Piletocera chlorura

Scientific classification
- Kingdom: Animalia
- Phylum: Arthropoda
- Class: Insecta
- Order: Lepidoptera
- Family: Crambidae
- Genus: Piletocera
- Species: P. chlorura
- Binomial name: Piletocera chlorura (Meyrick, 1887)
- Synonyms: Ceratoclasis chlorura Meyrick, 1887; Nacoleia melanauges Turner, 1913;

= Piletocera chlorura =

- Authority: (Meyrick, 1887)
- Synonyms: Ceratoclasis chlorura Meyrick, 1887, Nacoleia melanauges Turner, 1913

Species of moth

Piletocera chlorura is a moth in the family Crambidae. It was described by Edward Meyrick in 1887. It is found in Australia, where it has been recorded from Queensland.

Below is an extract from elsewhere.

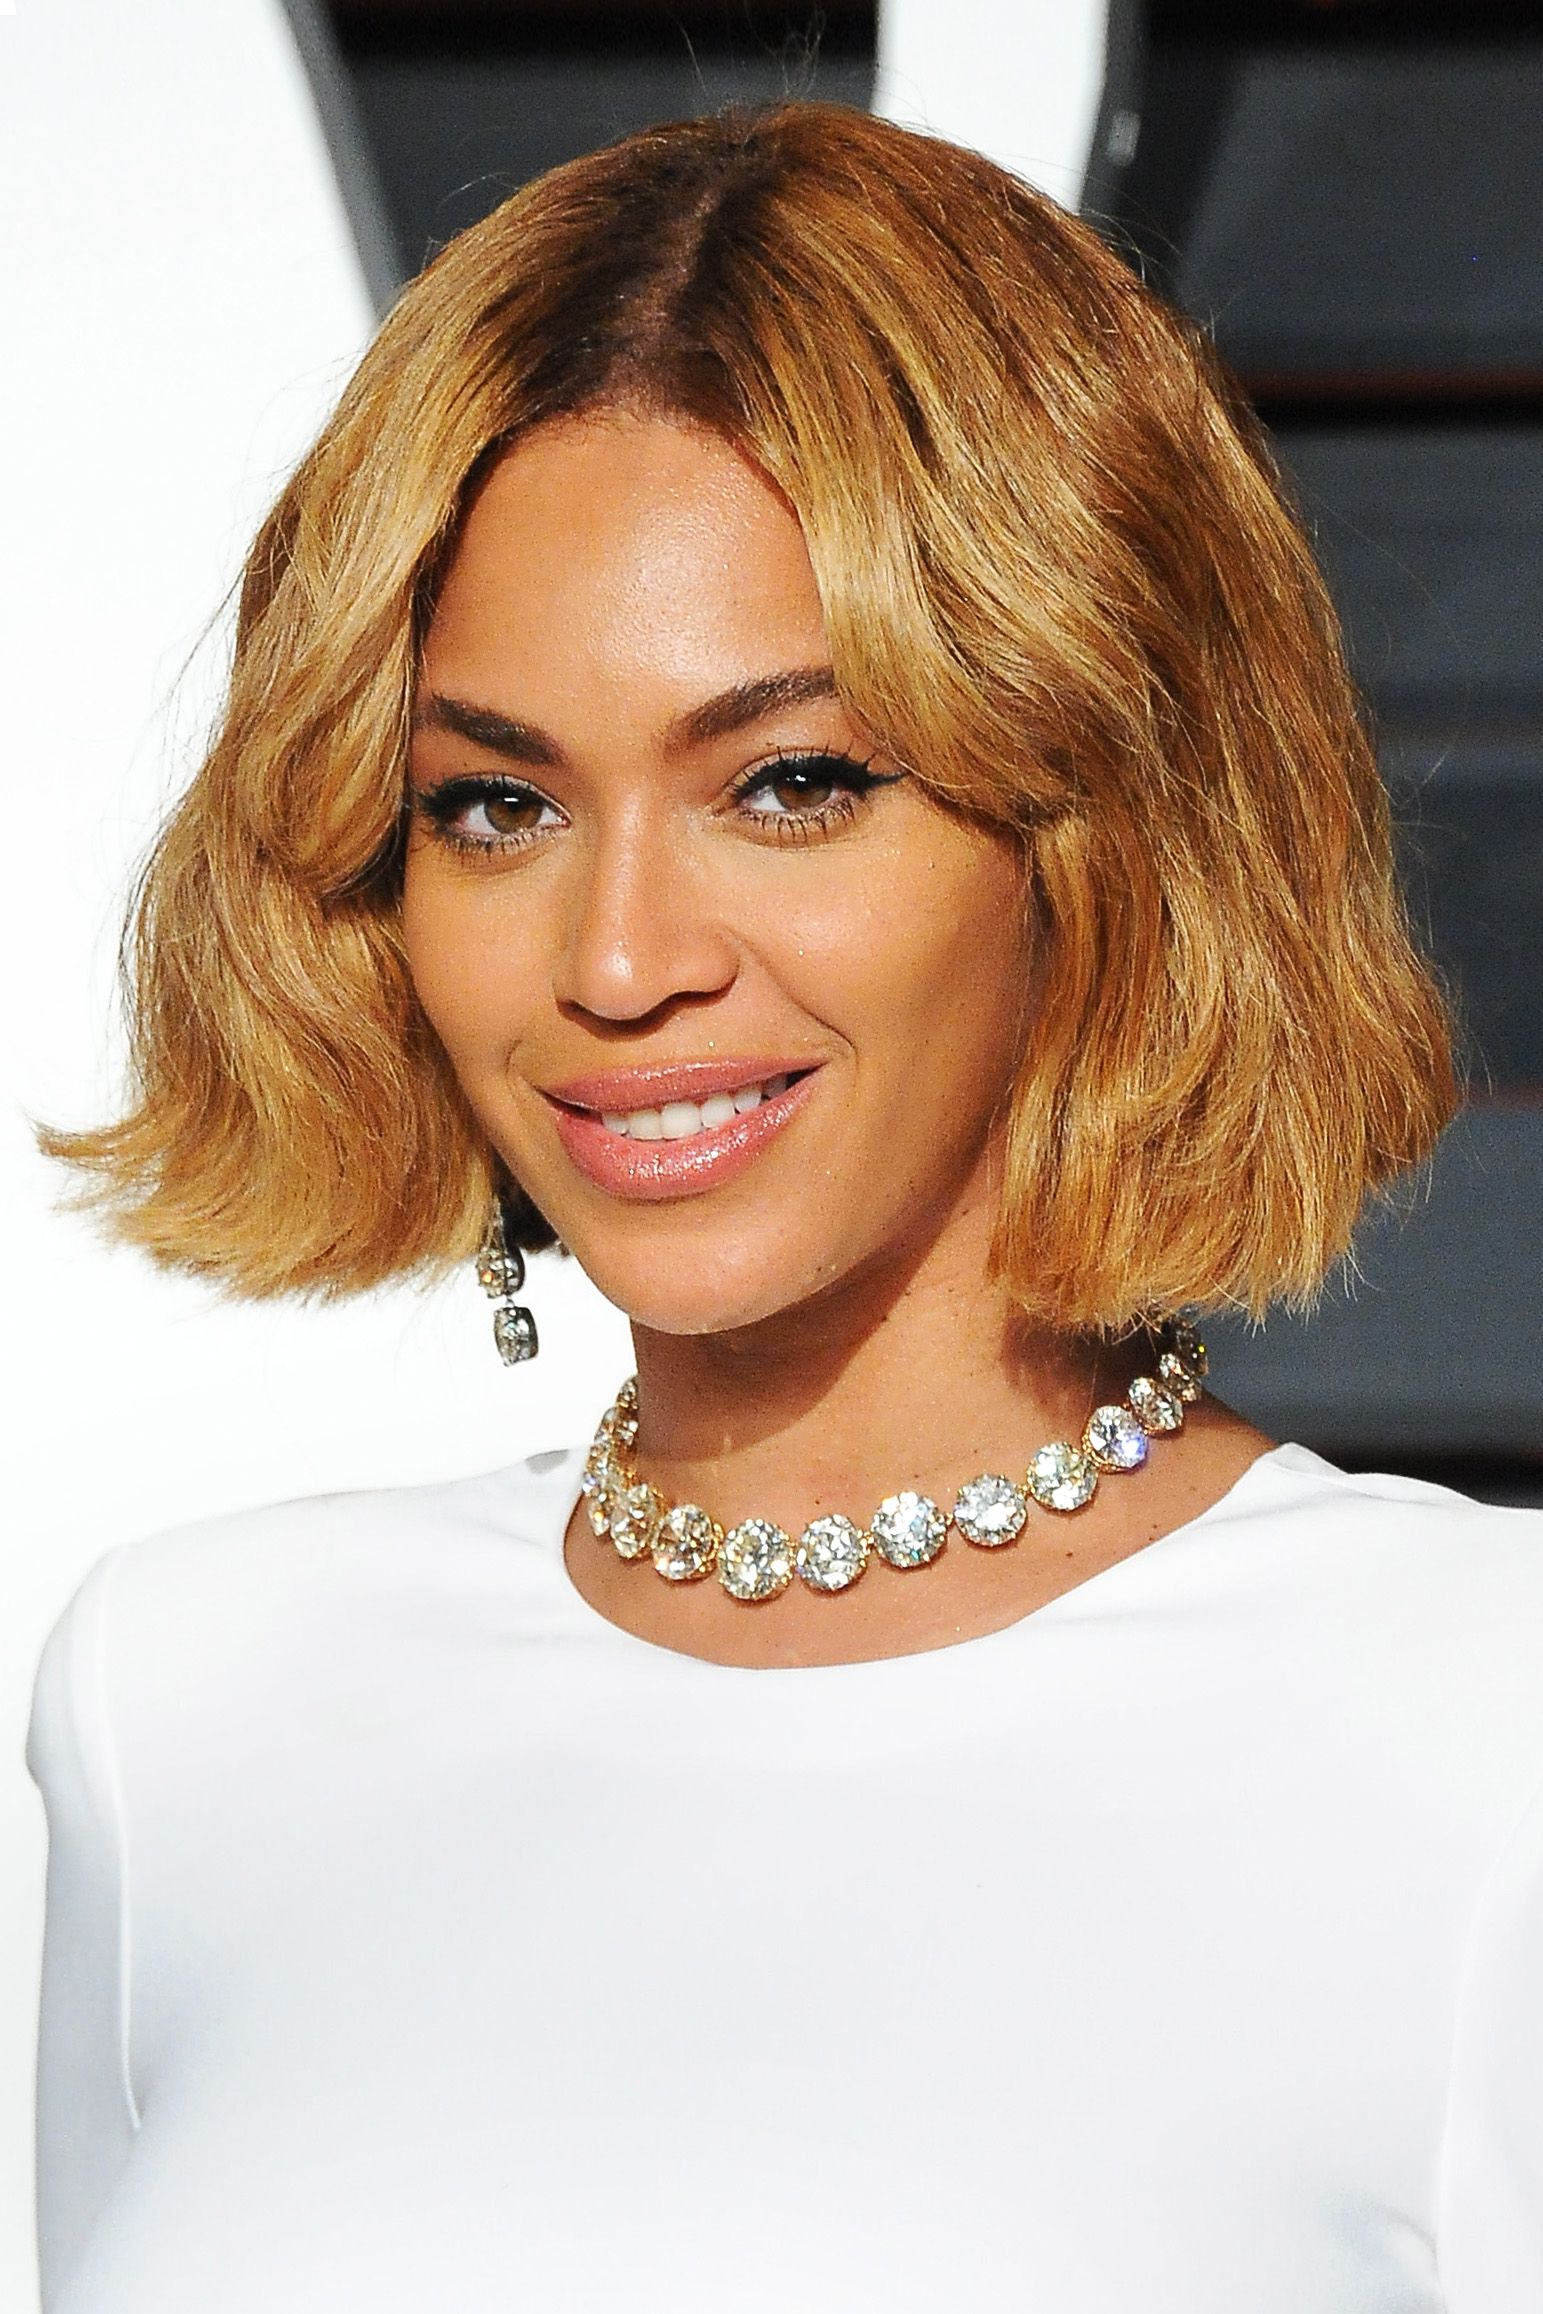 Blame Permanent doll 80 Best Beyonce Hairstyles of All Time - Beyoncé's Evolving Hair Looks
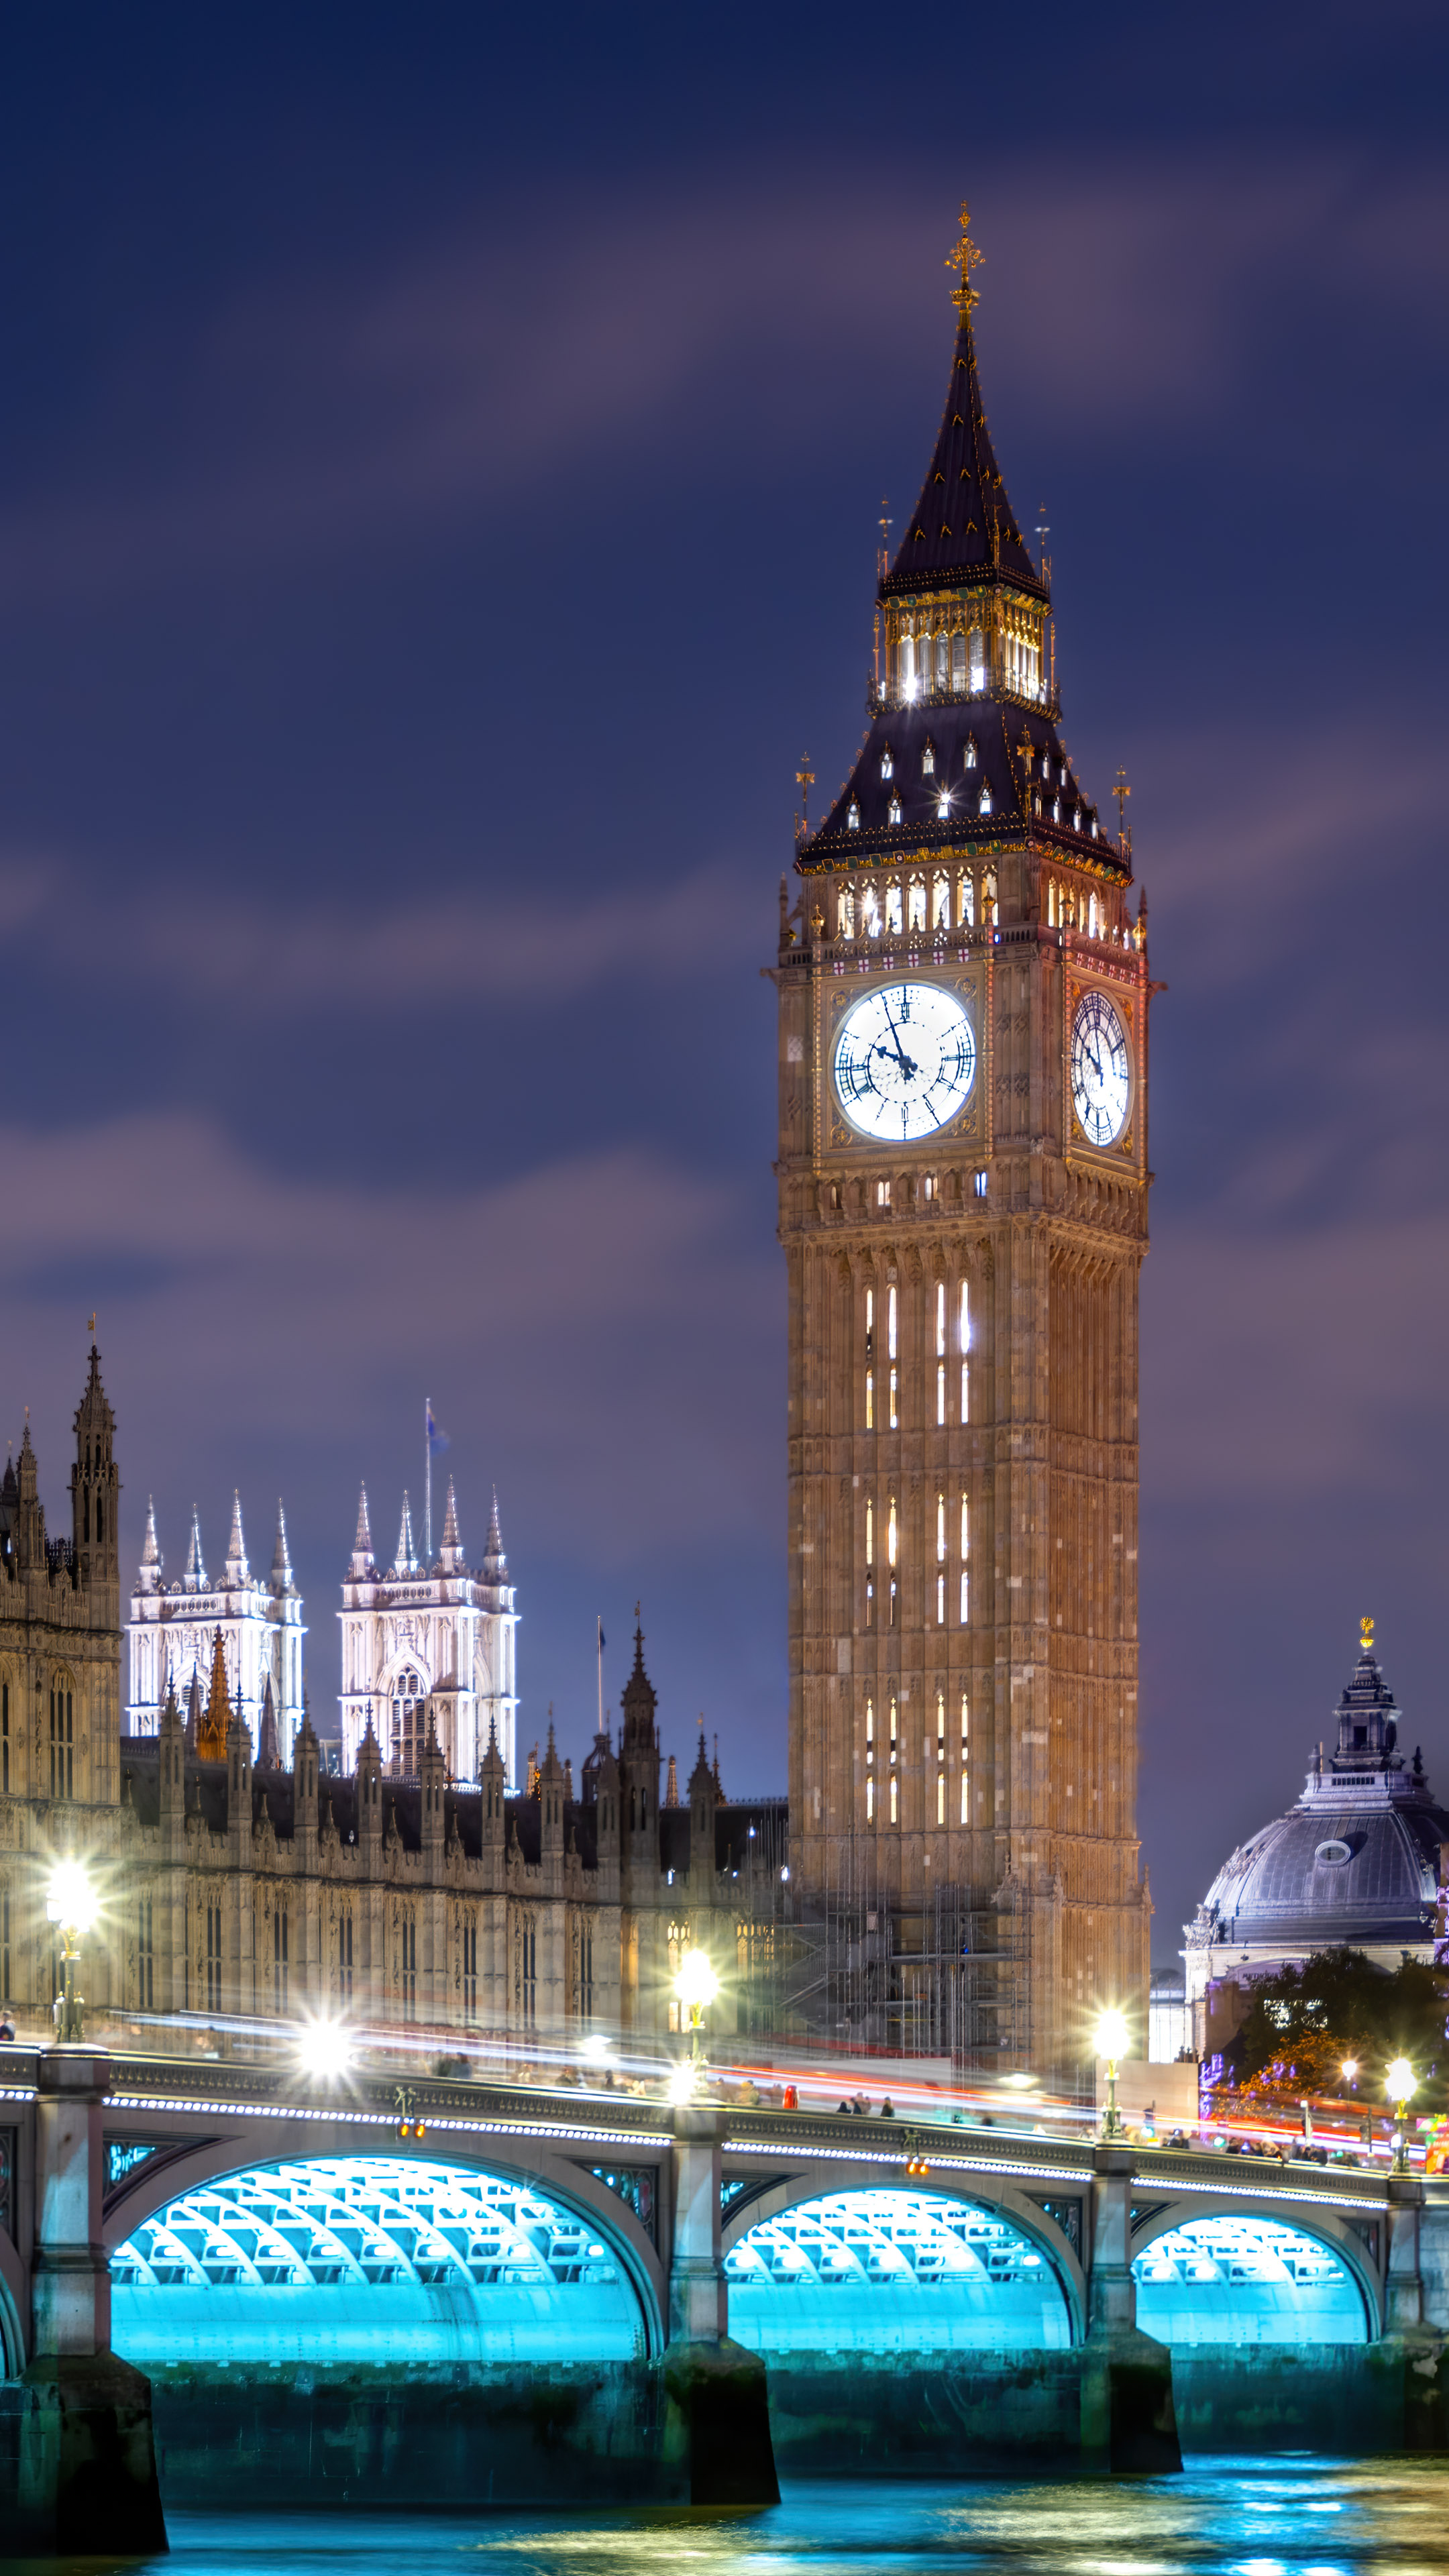 Enjoy the iconic view of London Big Ben and Westminster Bridge at night with this mobile wallpaper.

The wingspan is about 20 mm. The forewings are dark fuscous with slightly darker lines and a whitish subcostal dot. The postmedian line is wavy, bent above the tornus to below the end of the cell. It is edged posteriorly by a few whitish dots, and on the costa by a short whitish streak. The hindwings are dark fuscous, towards the base mixed with whitish.

The caterpillars of P. chlorura were found to feed on the leaves of Xylopia cuspidata (Annonaceae).